Quanto ao processo aberto por requerimento do Presidente da Assembleia Legislativa da Região Autónoma da Madeira (processo n.º 1186/07), foram objecto do pedido de declaração de inconstitucionalidade todas as normas da Lei n.º 16/2007, excepto a constante do art. 6.º, bem como todas normas da Portaria que a regulamentou (Portaria n.º 741-A/2007, de 21 de junho), excepto as expressas nos arts. 12.º e 20.º
O Tribunal não reconheceu legitimidade ao requerente para fundamentar o pedido na violação da dignidade da pessoa humana e na inviolabilidade da vida humana, uma vez que, nessa dimensão da questão, não está em causa a violação de direitos das regiões autónomas (alínea g) do n.º 2 do art. 281.º da CRP).
Na parte em que dispunha de legitimidade, o requerente arguiu que a normação impugnada obriga à prática da interrupção voluntária da gravidez, sendo essa uma matéria no âmbito da competência regional, uma vez que a saúde está identificada como matéria de interesse regional na alínea m) do art. 40.º do Estatuto Político-Administrativo da Região Autónoma da Madeira.
O Tribunal entendeu que o regime jurídico instituído pela Lei n.º 16/2007 situa-se no plano da redefinição do âmbito de protecção de uma norma incriminadora, incidindo, por isso, sobre matéria reservada à competência da Assembleia da República (alínea c) do n.º 1 do art. 165.º da CRP).
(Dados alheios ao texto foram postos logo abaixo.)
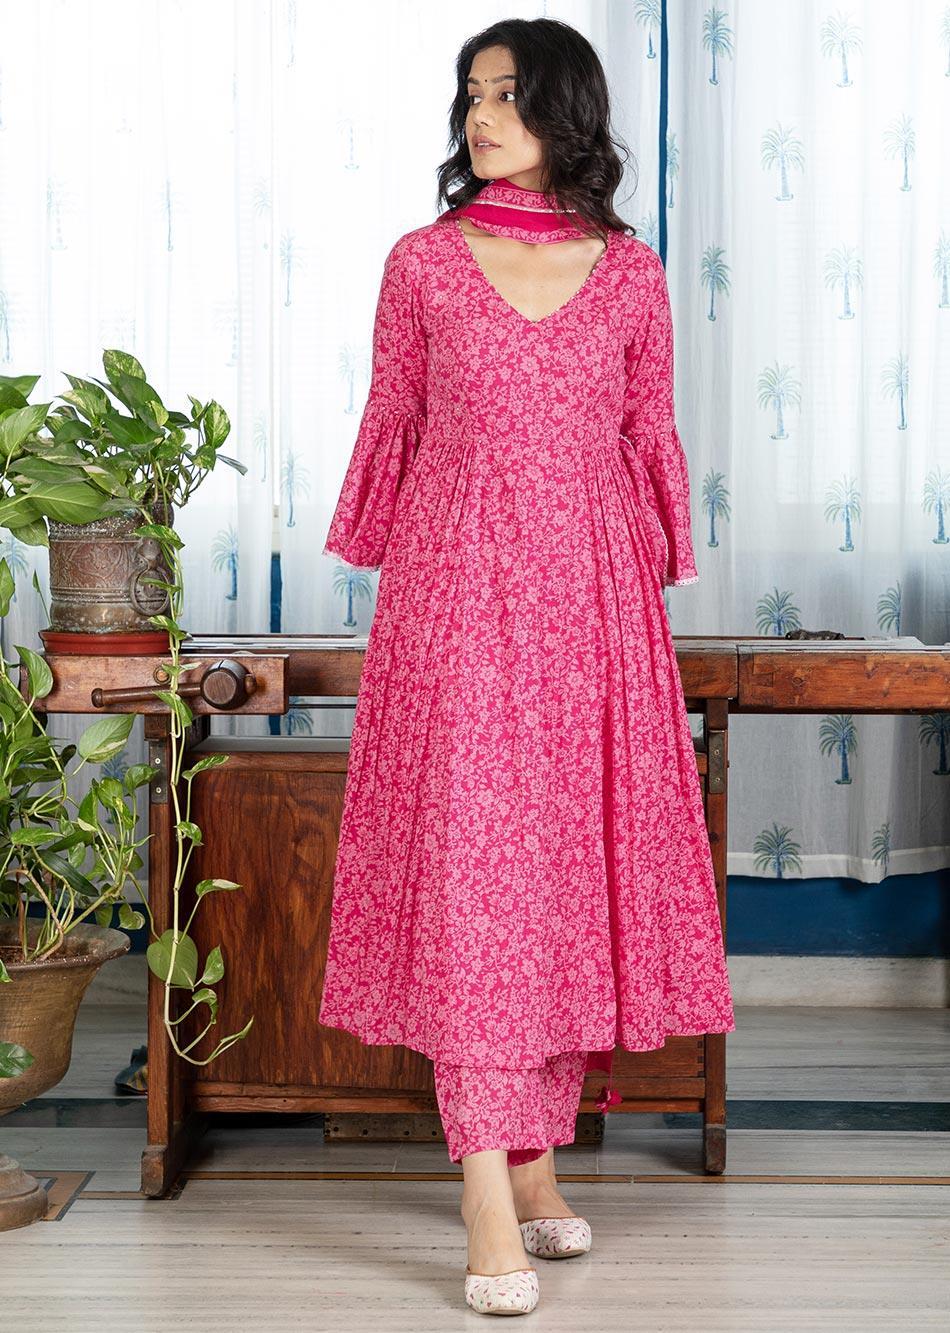 MOH Pink Anarkali Kurta (only kurta)

A Assembleia Legislativa conserva a sua competência regulamentar genérica, em tudo o que não contenda com as disposições da Lei, pois a imposição de regulamentar dirigida ao Governo, no art. 8.º do diploma não pode ser lida como importando uma reserva de poder regulamentar governamental. Não há, por isso, violação da autonomia regional. Também não há violação do direito de audição prévia das Regiões Autónomas, contrariamente ao alegado, uma vez que não estão presentes os respectivos pressupostos, pois a disciplina jurídica da interrupção voluntária da gravidez, pela sua natureza e objecto, diz respeito, por igual, a todo o País, sem que se possa afirmar a existência de interesses específicos das Regiões Autónomas ou de uma incidência particular dos interesses envolvidos, no seu âmbito territorial.
Votaram favoravelmente o acórdão os Conselheiros Sousa Ribeiro (relator), Vítor Gomes, Ana Guerra Martins, o Conselheiro Vice-Presidente Gil Galvão, Carlos Cadilha, Maria João Antunes e João Cura Mariano, tendo votado vencidos, parcialmente, os Conselheiros Borges Soeiro, Maria Lúcia Amaral, Benjamim Rodrigues, Pamplona de Oliveira e o Conselheiro Presidente Rui Moura Ramos.